The balance scale isn’t just for the elderly, either. It could be useful to anyone trying to improve their physical performance, Forth says, noting that balance indicates the functioning of not just the vestibular system but also the overall nervous and musculoskeletal systems. “Your balance doesn’t just go when you’re 80, and we can detect changes in 20-year-olds and 30-year-olds,” she says. “With our technology, we’re really trying to empower people with insights far beyond what they know about themselves and what others know about them.”
The clinical version provides an even larger package of information to guide physicians’ recommendations.
“We want to be the gold standard of balance measurement,” Forth says, noting that no widely preferred method has even existed. “We want to be in every doctor’s office.”
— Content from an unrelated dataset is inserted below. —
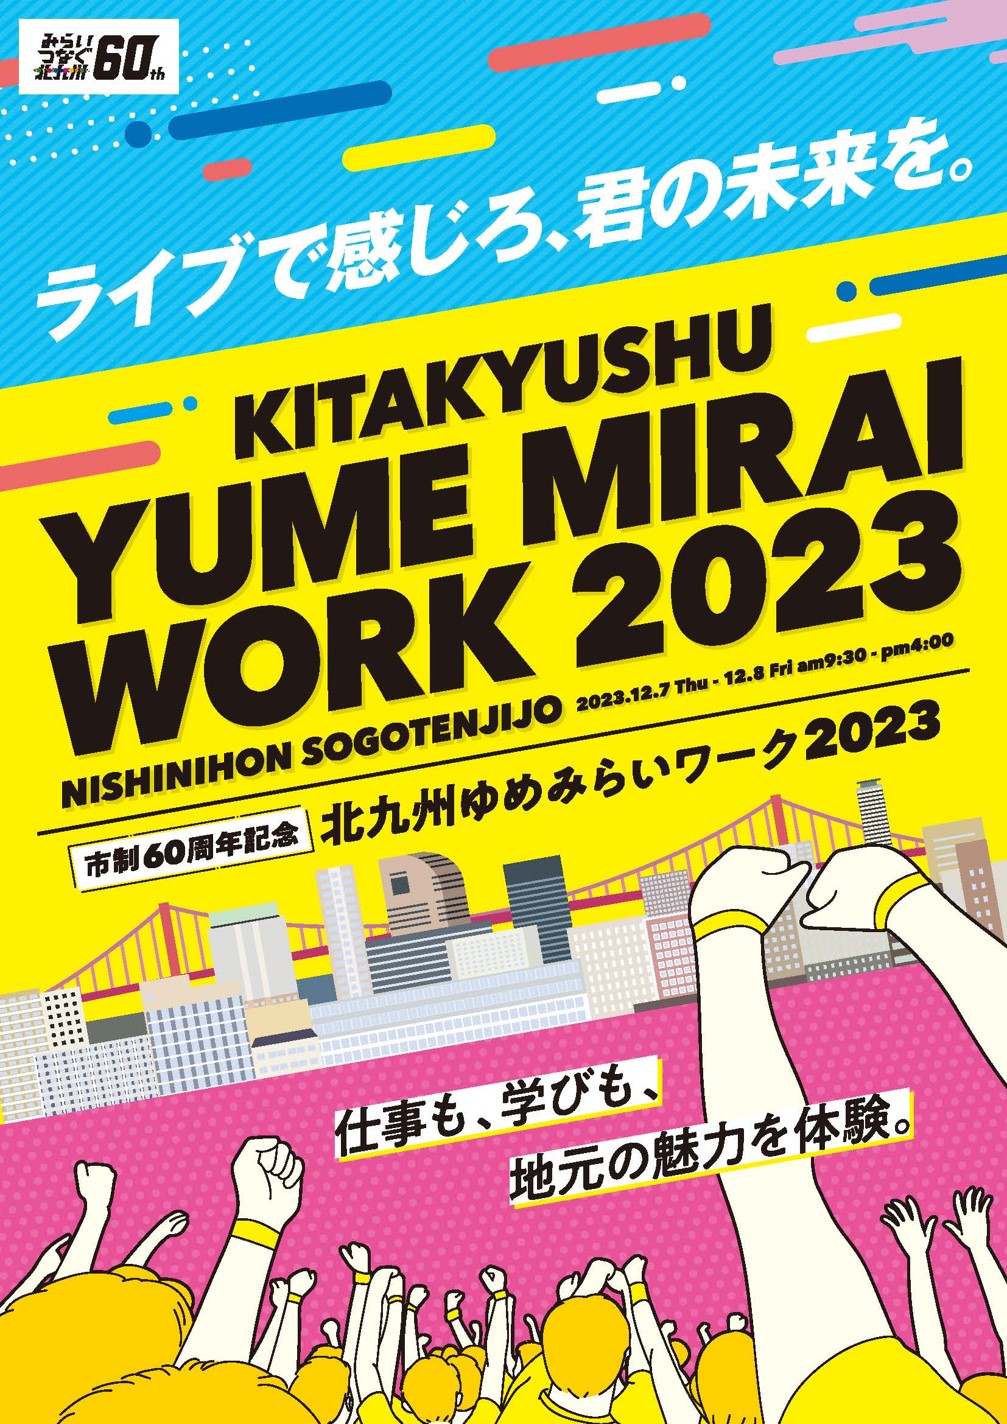 We will be exhibiting at "Kitakyushu Yumemirai Work 2023".

The simplicity that lets it test balance without provoking a fall has also helped make it affordable, with the consumer version running $249 and the clinical scale priced at $499. NASA’s CDP booth, meanwhile, runs about $70,000.
Forth credits NASA with creating the opportunity to take a new approach to an old problem. “The Johnson Space Center work is the core of everything we’re doing. Now we’re bridging the gap between the science and how to help people.”